INFORMATION SUPPLIED section start

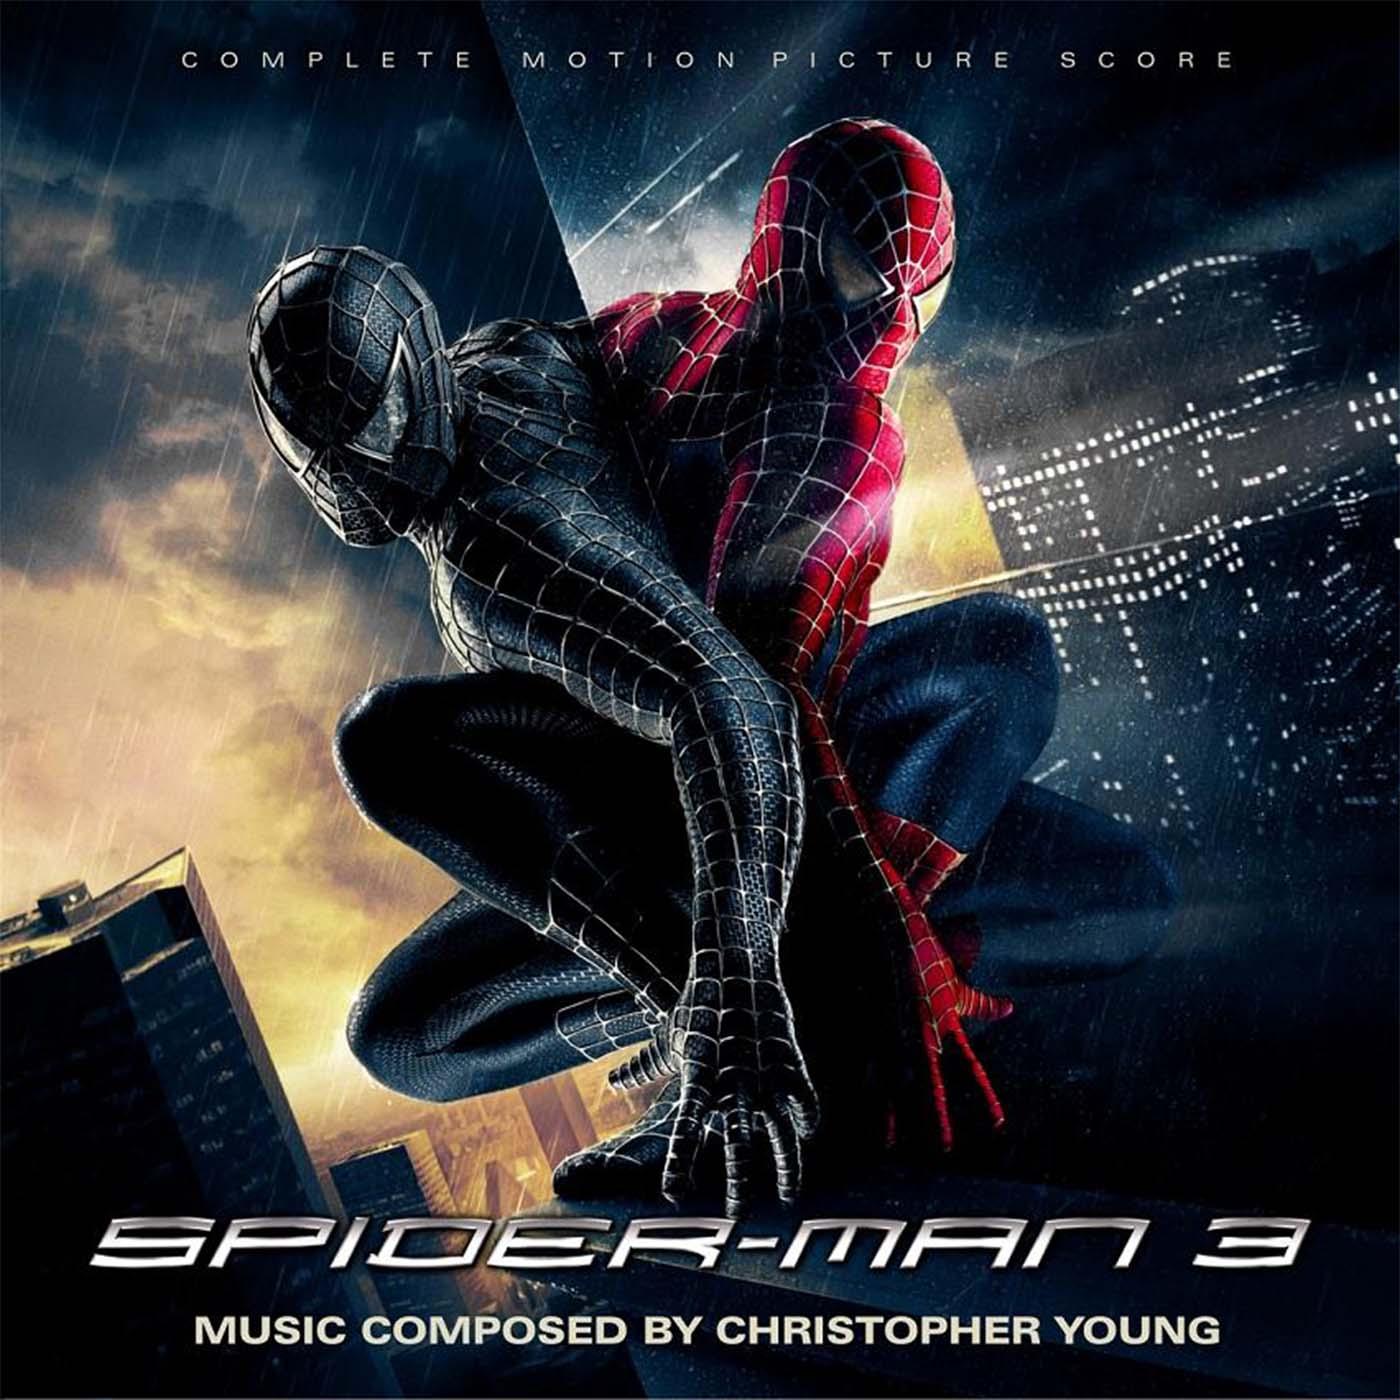 موسیقی متن مرد عنکبوتی 3
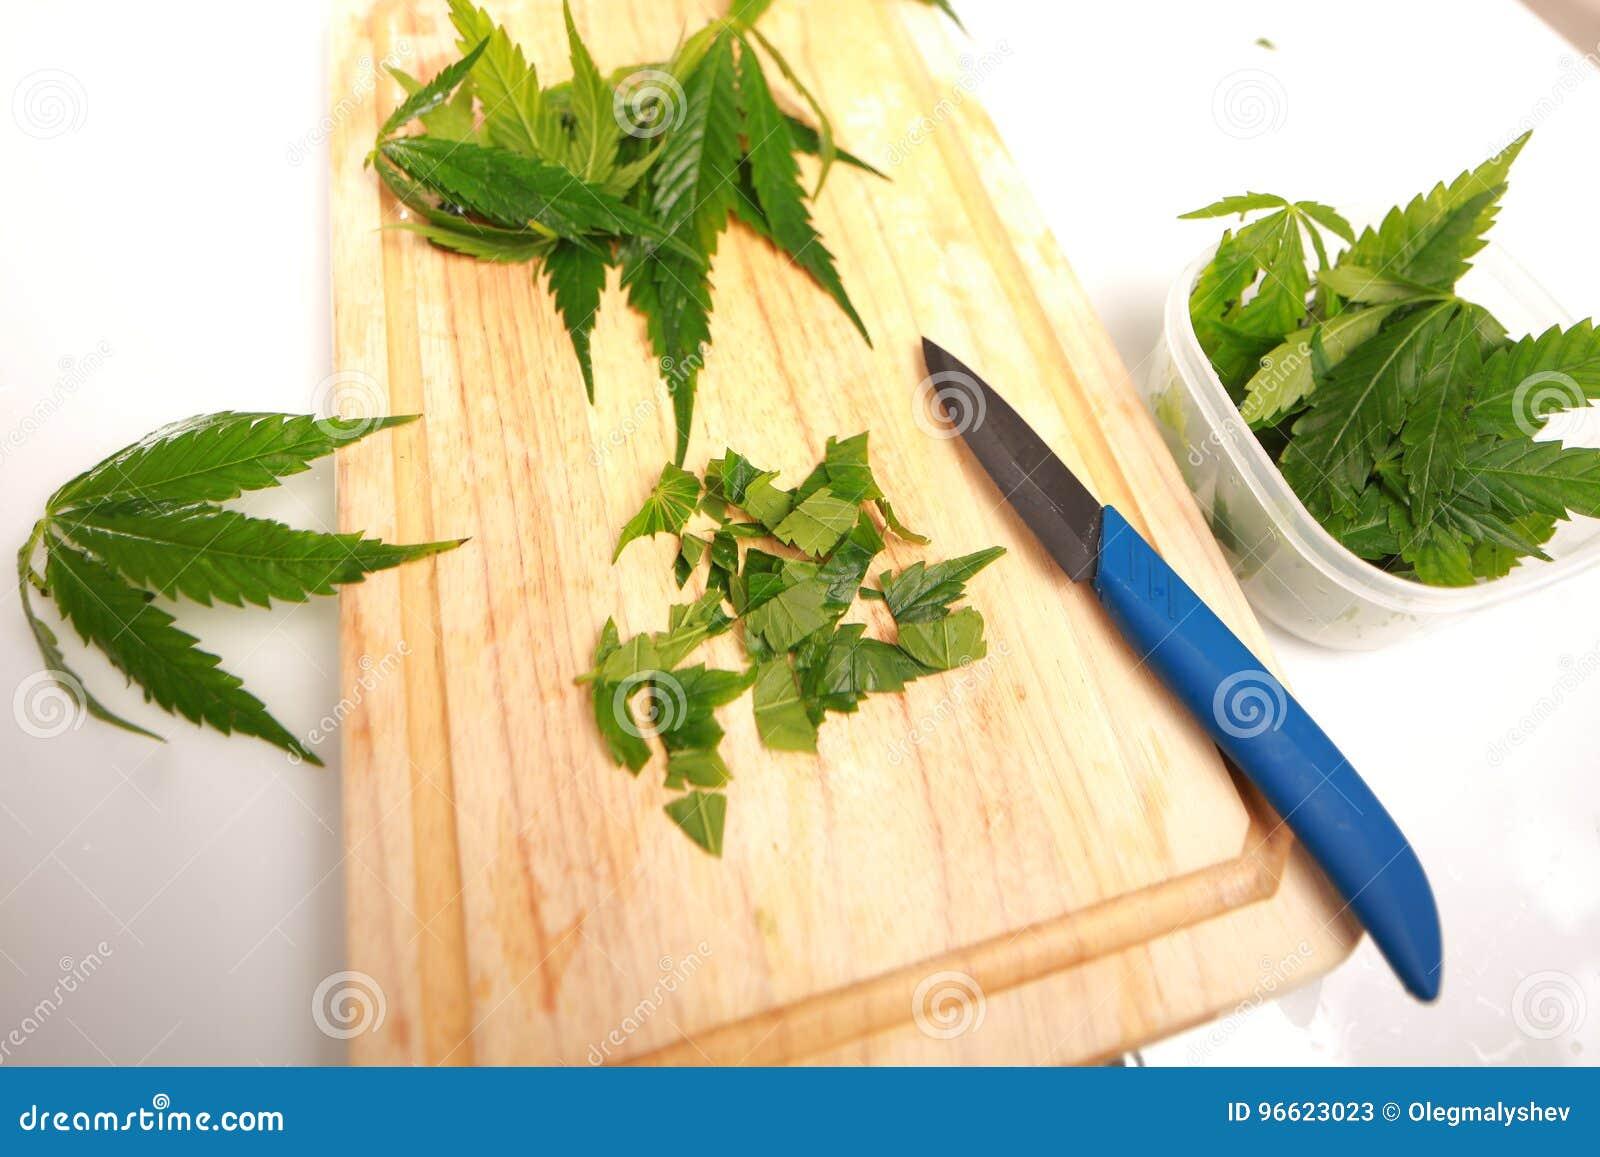 Салат с листьями конопли волокна конопли 6 букв
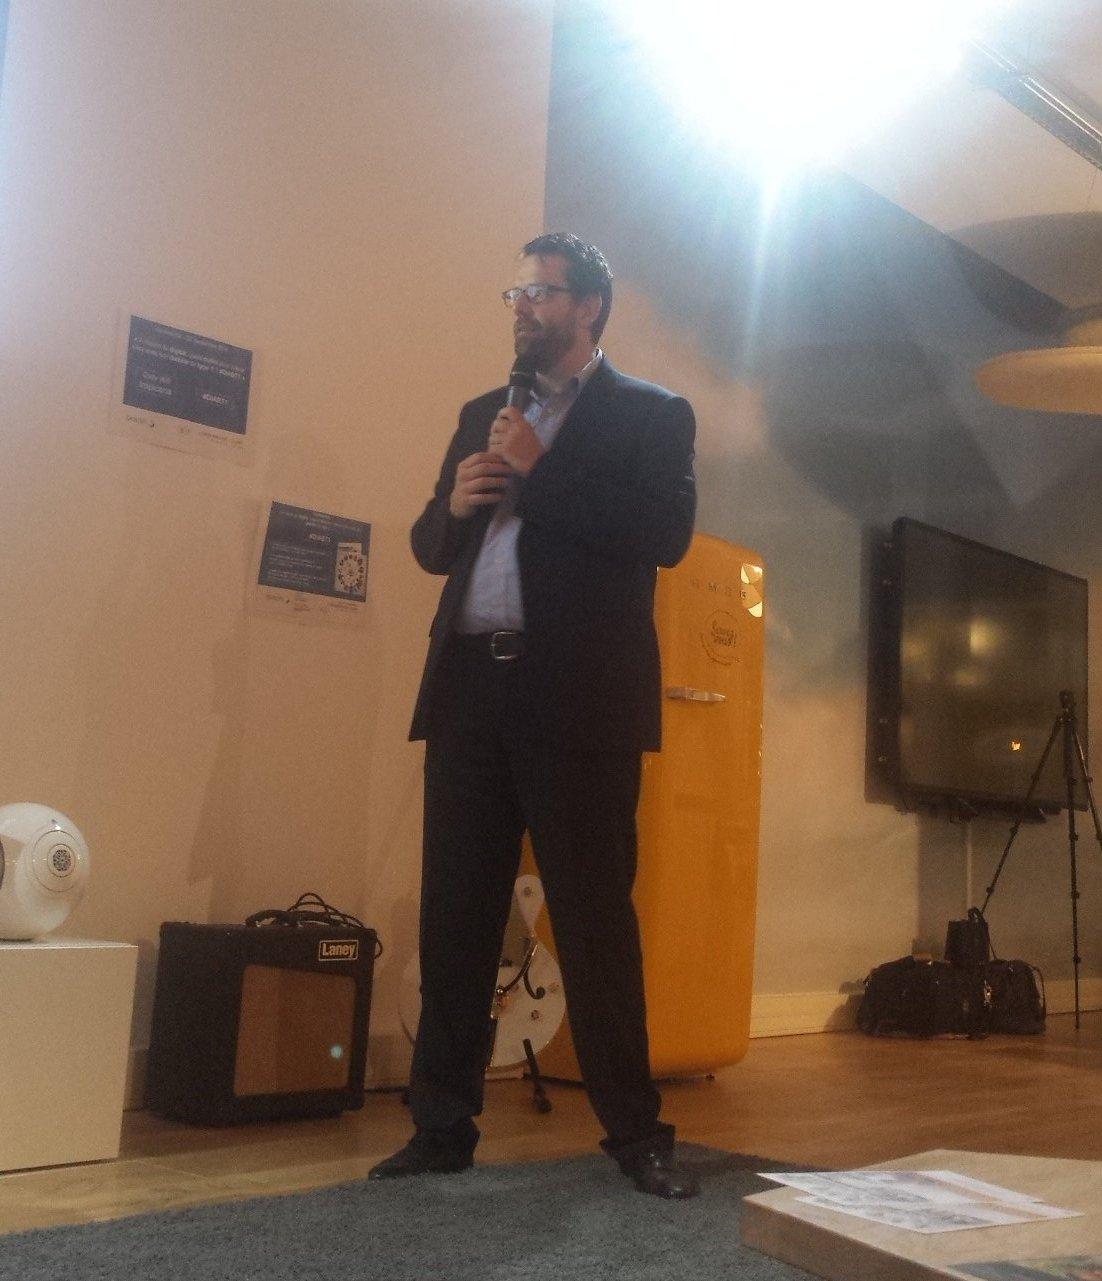 @LionelREICHARDT en scène pour l'animation de la conf  #diabt1 https://t.co/uzfDHLkTjp
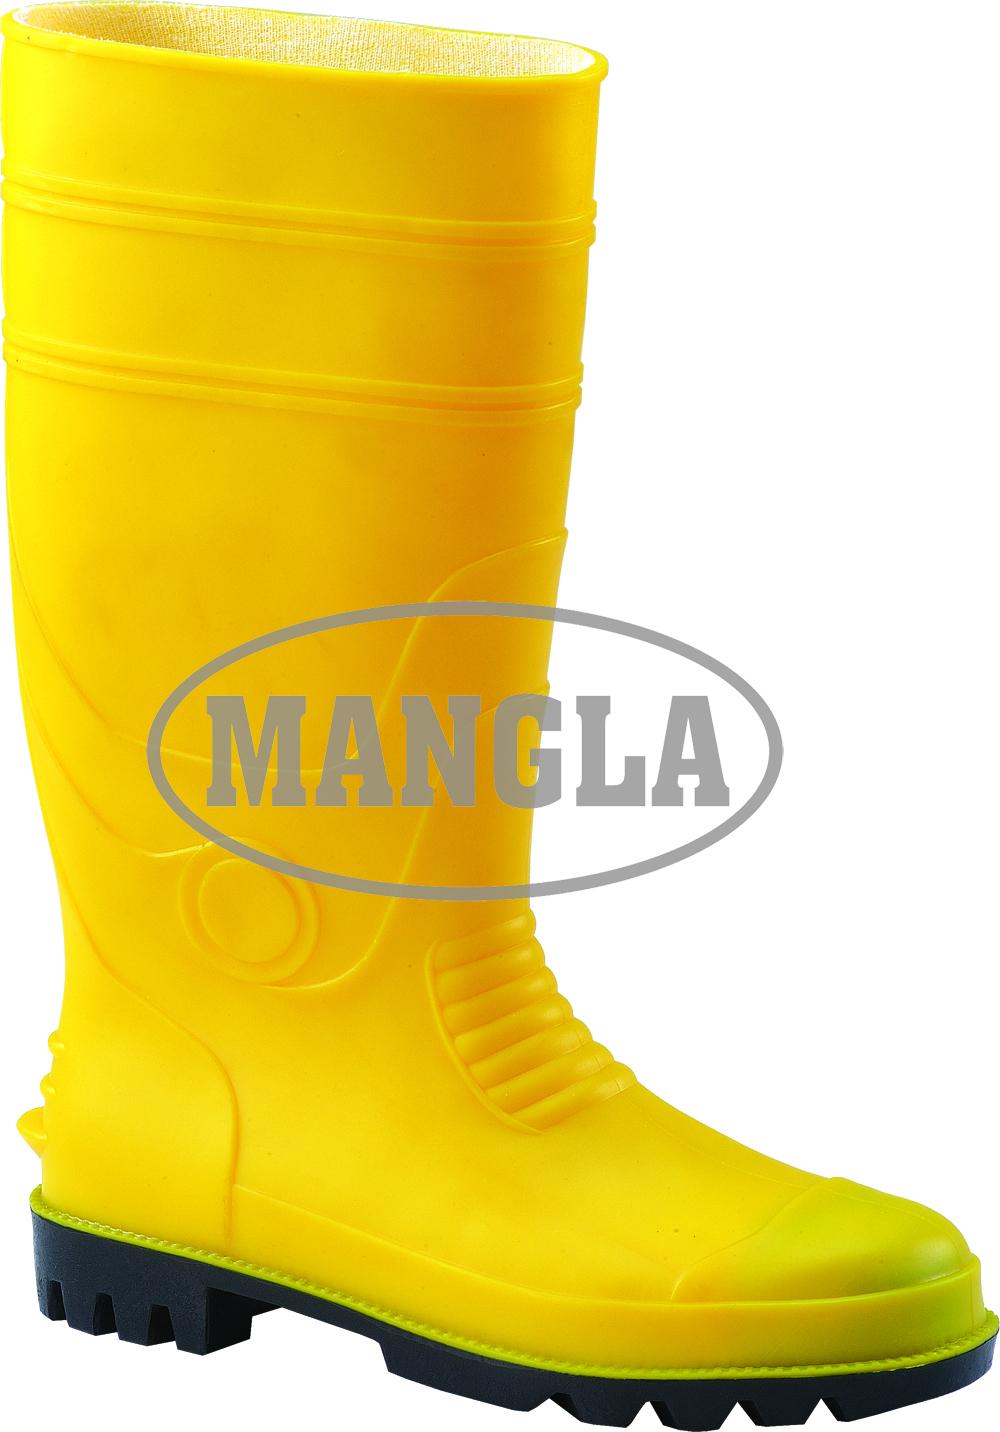 Waterproof Safety Gumboot

INFORMATION SUPPLIED section end

== PROBLEM TO SOLVE ==
Repeat the listing in full and exactly. Leave any pictures out.

== RESPONSE TO THIS TASK ==
 موسیقی متن مرد عنکبوتی 3
 Салат с листьями конопли волокна конопли 6 букв
 @LionelREICHARDT en scène pour l'animation de la conf  #diabt1 https://t.co/uzfDHLkTjp
 Waterproof Safety Gumboot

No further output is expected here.